Dancer, choreographer, teacher, and mentor, Salaam has blazed across five continents in a 53-year career, piling up decades worth of choreography awards and fellowships and a stack of theatre and television credits. He is co-founder of one of contemporary dance's most influential dance companies and artistic director of a prominent event.

"The value of working with someone who has that much experience and that kind of eye is something I wanted to share with the students," said Charmian Wells, TWU assistant professor of dance. "Obviously, I can't bring Abdel here for a whole semester, but even a week-long experience can be transformative for students to be exposed to what it's like to be in that kind of intensive company environment."

It's a taste of the big time and what it means to be a professional dancer.

Salaam is approaching his 73rd birthday, and he walks a little slower and favors a recently injured leg. But when he removes his jacket and trademark cap, it's obvious that he is still powerfully built. Broad shoulders. Muscular arms. Dancer's footwork. Sharp eyes. An even sharper mind.

"What good is knowledge," he tells an assembly of TWU dance students, "if you don't know how to use it? Seek wisdom. Do work."

And prepare yourself for the rigors of a world that it not as nice or forgiving as that on a college campus.

"I don't want to scare them," Salaam said. "But the real world is not a safe environment at all. And so if you can't strengthen, stiffen, whatever term you want to use, get some armor going in order to be able to deflect some of the just devastating stuff that's going to be thrown at you, you're going to have a problem. You're going to have a serious problem. What we learned in all of our professions is there's constant challenge. There's always something. There's always a problem that has to be solved. No matter how much you plan, no matter what you do. If you're going you're trying to be the best that you can be, you're going to encounter obstacles and challenges and things that you did not see coming."

TWU dancers rehearse Smoove
TWU dancers rehearse Smoove (photo by Michael Modecki)

Salaam has been in the arts since he was five-years old, when he studied piano, xylophone and glockenspiel. He graduated from the High School of Music and Art in New York City in 1968, but at Lehman College in the Bronx, he was recruited into the school's first dance major program. After college, Salaam worked with several dance companies.

In 1981 Salaam co-founded Forces of Nature Dance Theatre based in New York City. He is also artistic director of DanceAfrica, which holds one of the nation's largest African American dance, music, and art festivals at the Brooklyn Academy of Music.

Forces of Nature is a dance melting pot. Ballet, classical, and modern/contemporary dance mix with movement languages from West Africa, South America, Central America, and U.S. influences like hip hop.

"There's a huge range of movement languages and dynamic qualities the company works across, and it demands dancers have fluency across multiple movement languages," said Wells, who has danced with Forces of Nature and Salaam describes as "one of my dance daughters."
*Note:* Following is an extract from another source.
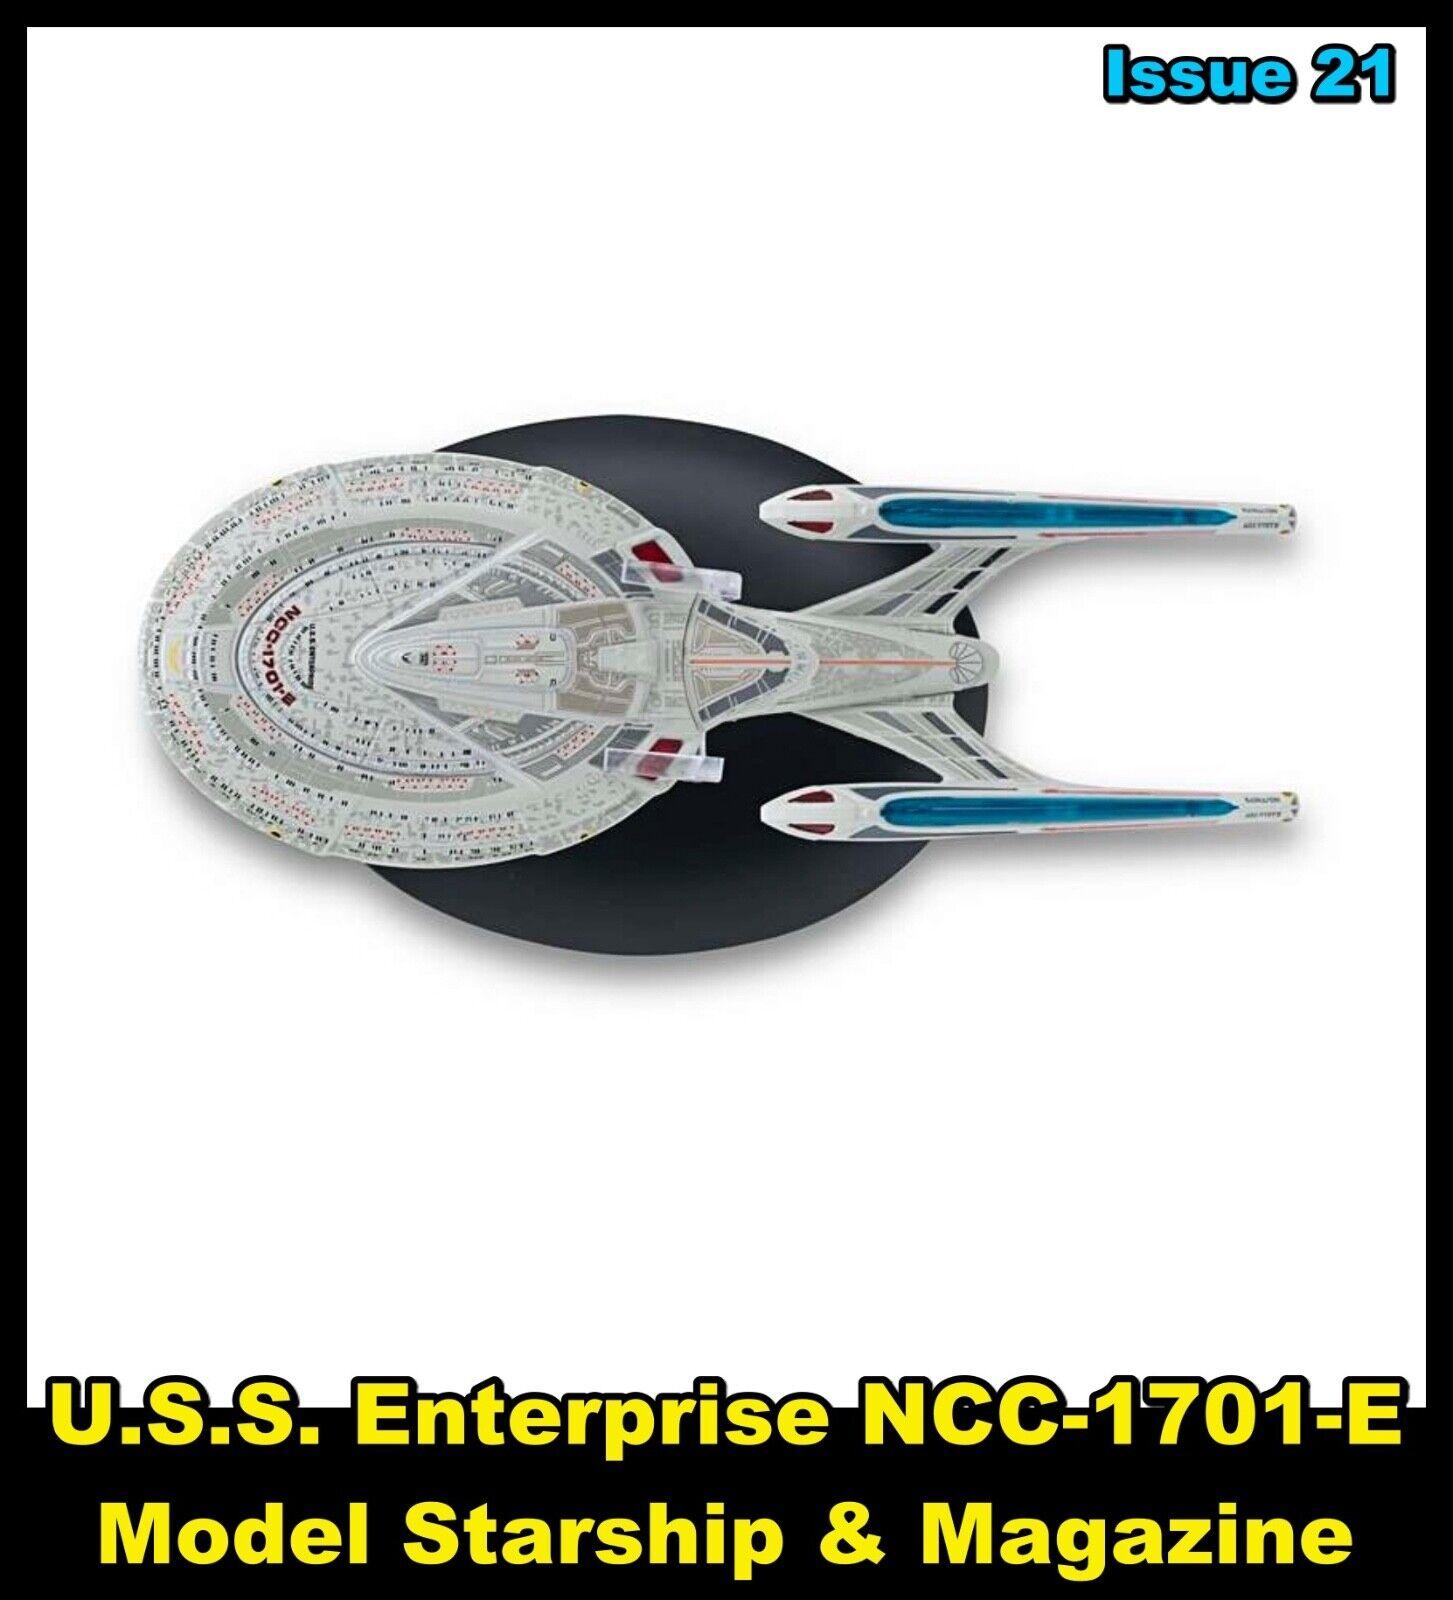 Issue 21: USS Enterprise NCC-1701-E

"The African diaspora dance needs to be a part of higher education curriculum because it's actually a huge part of the professional world," Wells said. "A fluency across multiple movement languages is really what's required for 21st century dancers."

For his discussions with the broader audience of students, he's also a bit of a philosopher.

"Maybe I like reading things that trick my imagination and make me want to know more," he said. "Like I said to the kids, I'll be 73 this year. I'm not finished. I'm going to the last breath. Last breath, man. If there is something on the other side, hey, I'll find out once I cross that bridge. But until I get there, I've got this time in the light, I'm going for it, man. Find something every day. I will seek higher knowledge each and every day in order to gain new insights into the meaning and purpose of life. Every day I'm going to learn something else that I didn't know. Even if it seems to be insignificant, learn it. It's just going to become a part of something that's going to impact my understanding."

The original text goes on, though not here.